Seeing Tom's new IWC (and the couple Keith had up for sale), makes me wonder; what were the differences in prices between similar IWC, Omega, Tissot, Certina, Longines, Zenith etc Tuning Fork models, and do the differences in their current values compare to the differences in their original prices?

IWC seem to be the top-end of the price range, then Omega, Longines, Tissot, Zenith and Certina. (I'm excluding the Chronographs from this.)

Solvil et Titus always seem the cheapest (possibly because they re-badged surplus parts?)

Does that reflect their original pricing?

And were there similar differences in quality and workmanship?

I suppose the same questions could be posed for all the different, modern ETA automatic movement-based watches, but the F300 Tuning Fork watches all appear to have been very expensive pieces in their day and the movement was used by relatively few manufactuers.

Edit:- I'm not ignoring Accutrons, but Bulova appear to have used those almost exclusively themselves.


----------



## watchnutz (Jan 18, 2008)

I am not knowledgeable on the original prices, but I do have some thoughts on current values.
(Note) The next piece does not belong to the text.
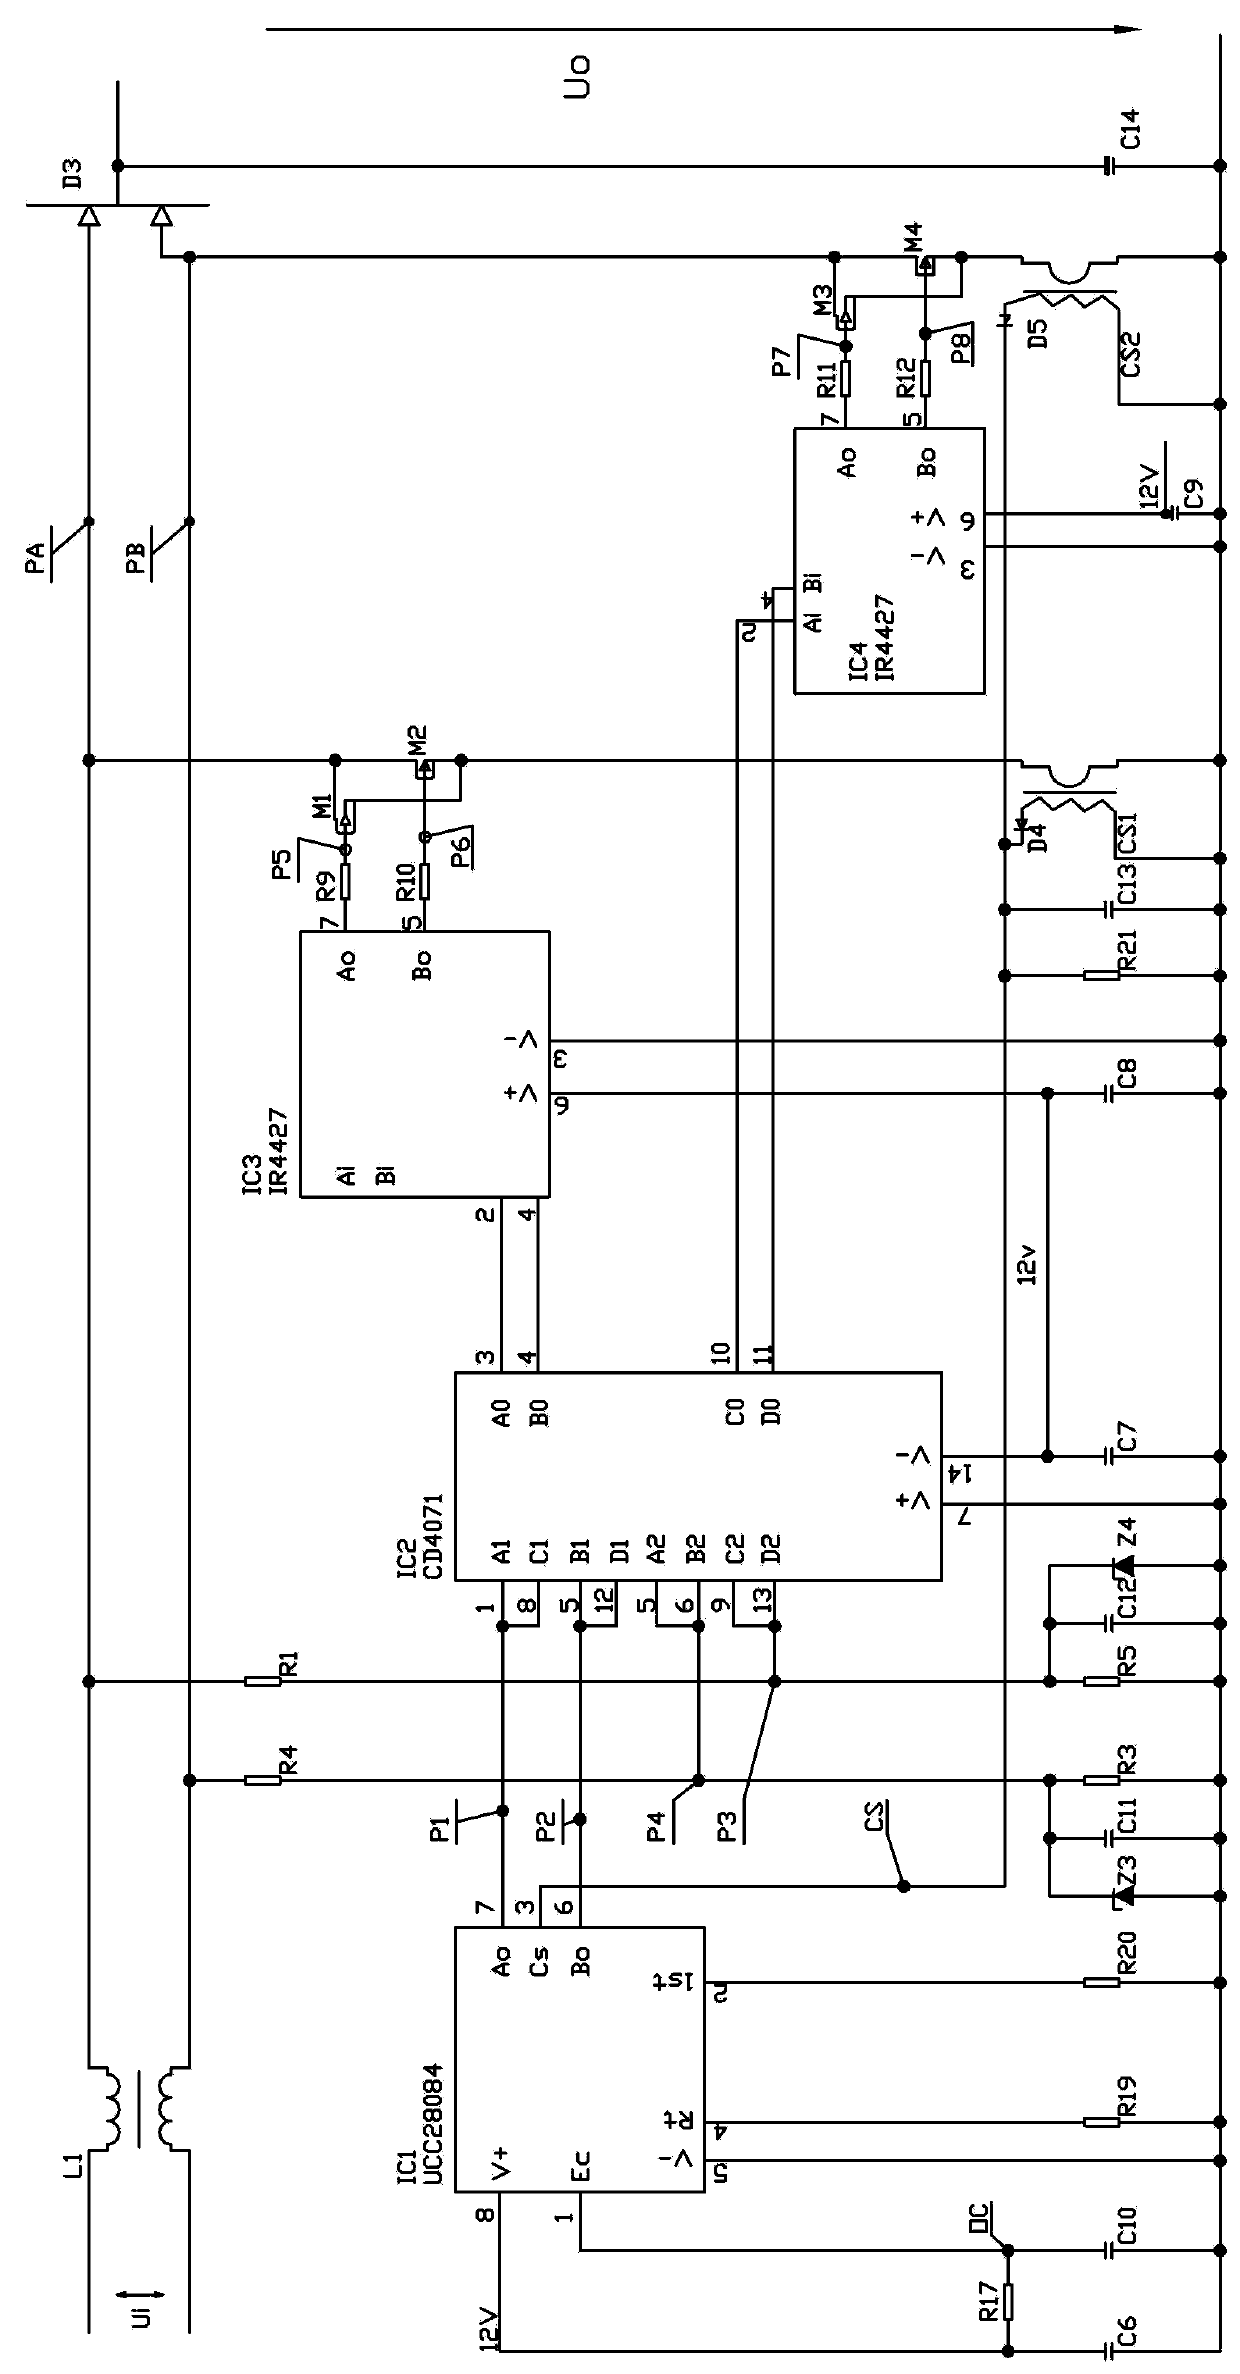 High-efficiency BOOST circuit

I own at least one or more of each of the makes and don't really see big differences in quality given like materials in the cases. i.e. stainless to stainless. Base metal obviously would be a less expensive watch. The difference really comes down to "branding' or percieved value if you will. Some may do some fancy machining on the plates but that is eye candy the wearer will not likely see. You failed to mention Baume et Mercier which fetches the most resale it seems. I suspect that is partly due to the name branding as well as fewer being offered. Strangely enough the Omega f300's are more plentiful than the others and can be found every day on Ebay. Movado, Eterna and Rado also sold watches with the ESA movement. A side note: The Titus diver f300 seems to command good prices at the moment

BTW the Universal Geneve uses the Accutron 218 movement and the Citizen uses a Japanese version whose parts are interchangeable.


----------